As has now been shown, affected patients respond particularly well to the substance Vemurafenib. Their average lifespan is around 40% higher than with conventional chemotherapy, according to a current study presented at the Congress of the European Society for Medical Oncology (ESMO). This substance, recently licensed in the EU, is a fitting example for a treatment concept that has undergone rapid developments in recent years – personalised medicine. ‘The next ten to fifteen years will see us make real strides toward genuinely personalised treatment for cancer patients,’ said ESMO president Dr Martine Piccart, during the society’s 2012 meeting held recently in Vienna.
The right drug in the right dosage at the right time is, to coin a snappy slogan, the objective of individualised medicine. ‘Personalised medicine is about matching patients to the treatments that work best for them. In oncology, personalised medicine is becoming a clinical reality, with targeted treatments already in use,’ explained Professor Antanasio Pandiella, Translational Oncopharmacology Unit Director and Vice-director at Salamanca Cancer Research Centre in Spain. ‘The concept of one chemotherapy drug fits all is now history. We are increasingly defining treatments according to the molecular characteristics of individual tumours.’
Cancer develops through genetic mutations in the body’s cells. The genome of some types of tumour contains up to 100,000 changes of the genetic material. Not all of them are relevant to cancer development, with the number of ‘cancer-genes’ currently estimated at around 300 ¬¬– 400. During genetic tests carried out in the context of cancerous diseases only very few genetic mutations are classed as biomarkers. If Dr Pier Giuseppe Pelicci, CO-Scientific Director of the European Institute of Oncology (IEO) in Milan, Italy, had his way, whole genome testing will soon be part of clinical routine: ‘This could identify new prognostic markers and new therapeutic targets.’
‘Increasingly extensive sequence analyses of cancer genomes have led to the discovery of new mutated cancer genes and have explored the extant patterns of somatic mutation,’ explained Professor Michael Stratton, Director of the Wellcome Trust Sanger Institute in Cambridge (UK) and joint head of the Cancer Genome Project, which aims to elucidate the genetic causes of human cancers. In the context of the Cancer Genome Projects some catalogues of the mutations in the genome of individual breast cancers have already been compiled. ‘The combinations of mutated cancer genes and the mutational processes that are operative in the subclasses of breast cancer are becoming apparent,’ said Prof. Stratton, summarising the research results. During ESMO, other oncologists reported on the cartography of the genetic landscape for pancreatic cancer and melanoma.
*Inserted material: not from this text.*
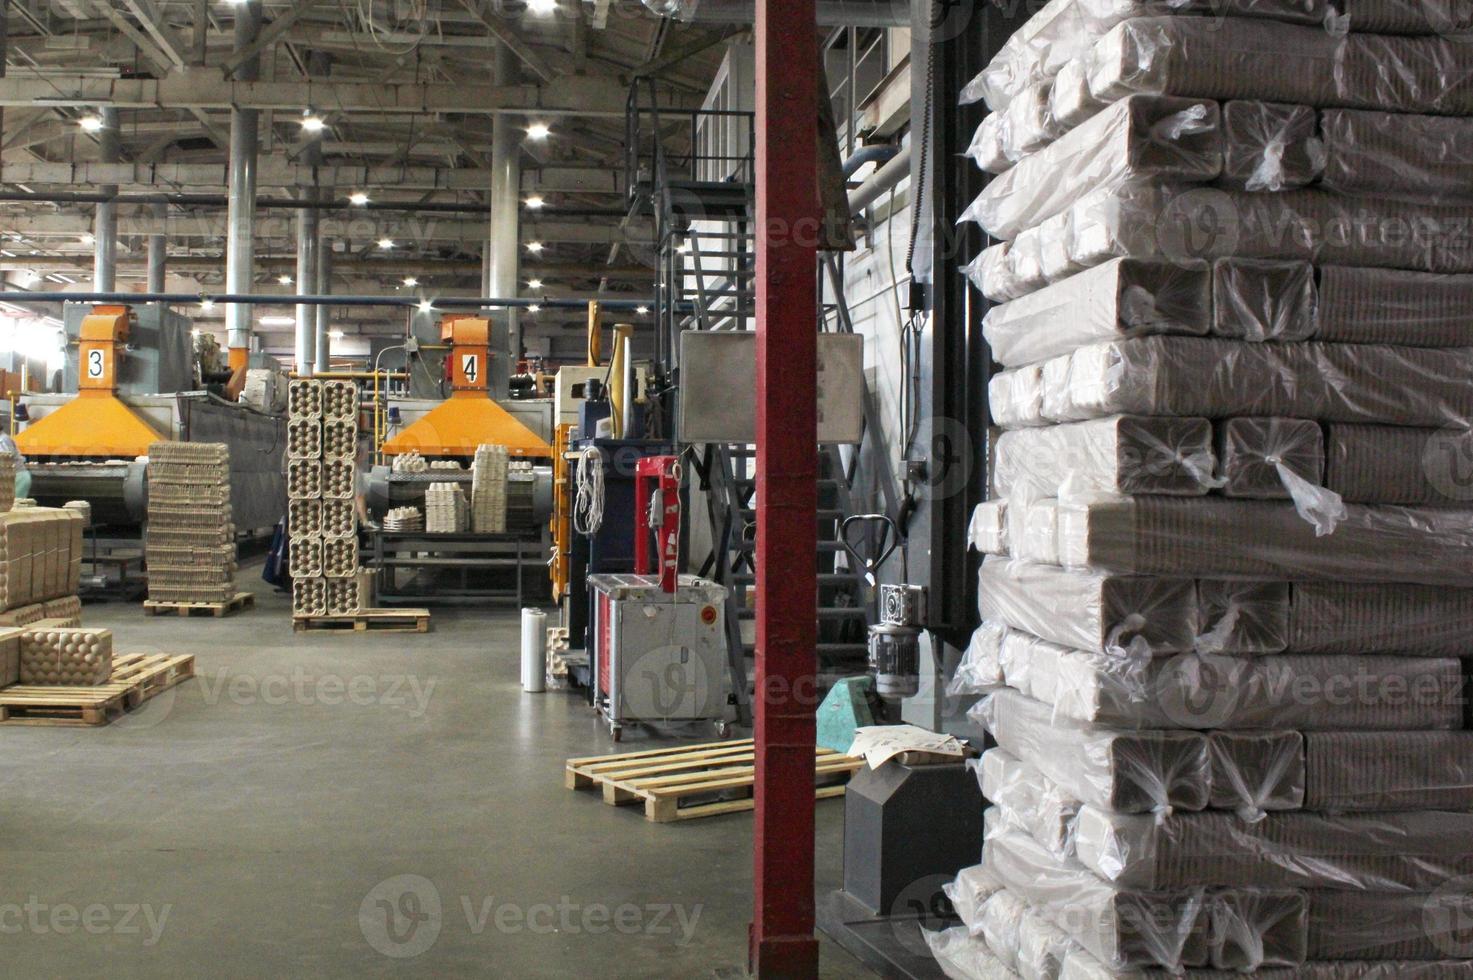 opslagruimte magazijn met verpakt goederen Aan houten pallet Bij recycle papier fabriek. voorbereiding Verzending van producten. logistiek, vervoer en distributie faciliteit voor levering. levering keten lading foto

Nonetheless, personalised medicine must also overcome some obstacles: ‘We are very concerned about the huge bureaucracy involved in running clinical trials,’ explained ESMO President Piccart. ‘We hope that the new clinical trials directive, due to come into force in 2016, will facilitate research.’ Another new directive in development also has a potentially important impact on clinical trials: the new Data Protection Regulation, currently in draft form. ‘In cancer research, we need to be able to share data,’ she added.
Dr Paolo G Casali, head of the Adult Sarcoma Medical Oncology Unit, Istituto Nazionale Tumori, Milan, Italy, refers to a methodological problem: The more individualised the treatment the more difficult the clinical examinations. ‘We need hundreds of patients for a clinical study. If the target groups become increasingly smaller we won’t be able to achieve these numbers,’ he warns. Concerning data protection and the clinical trials directive he cautioned, ‘There will be no personalised oncology at all if we don’t change the rules.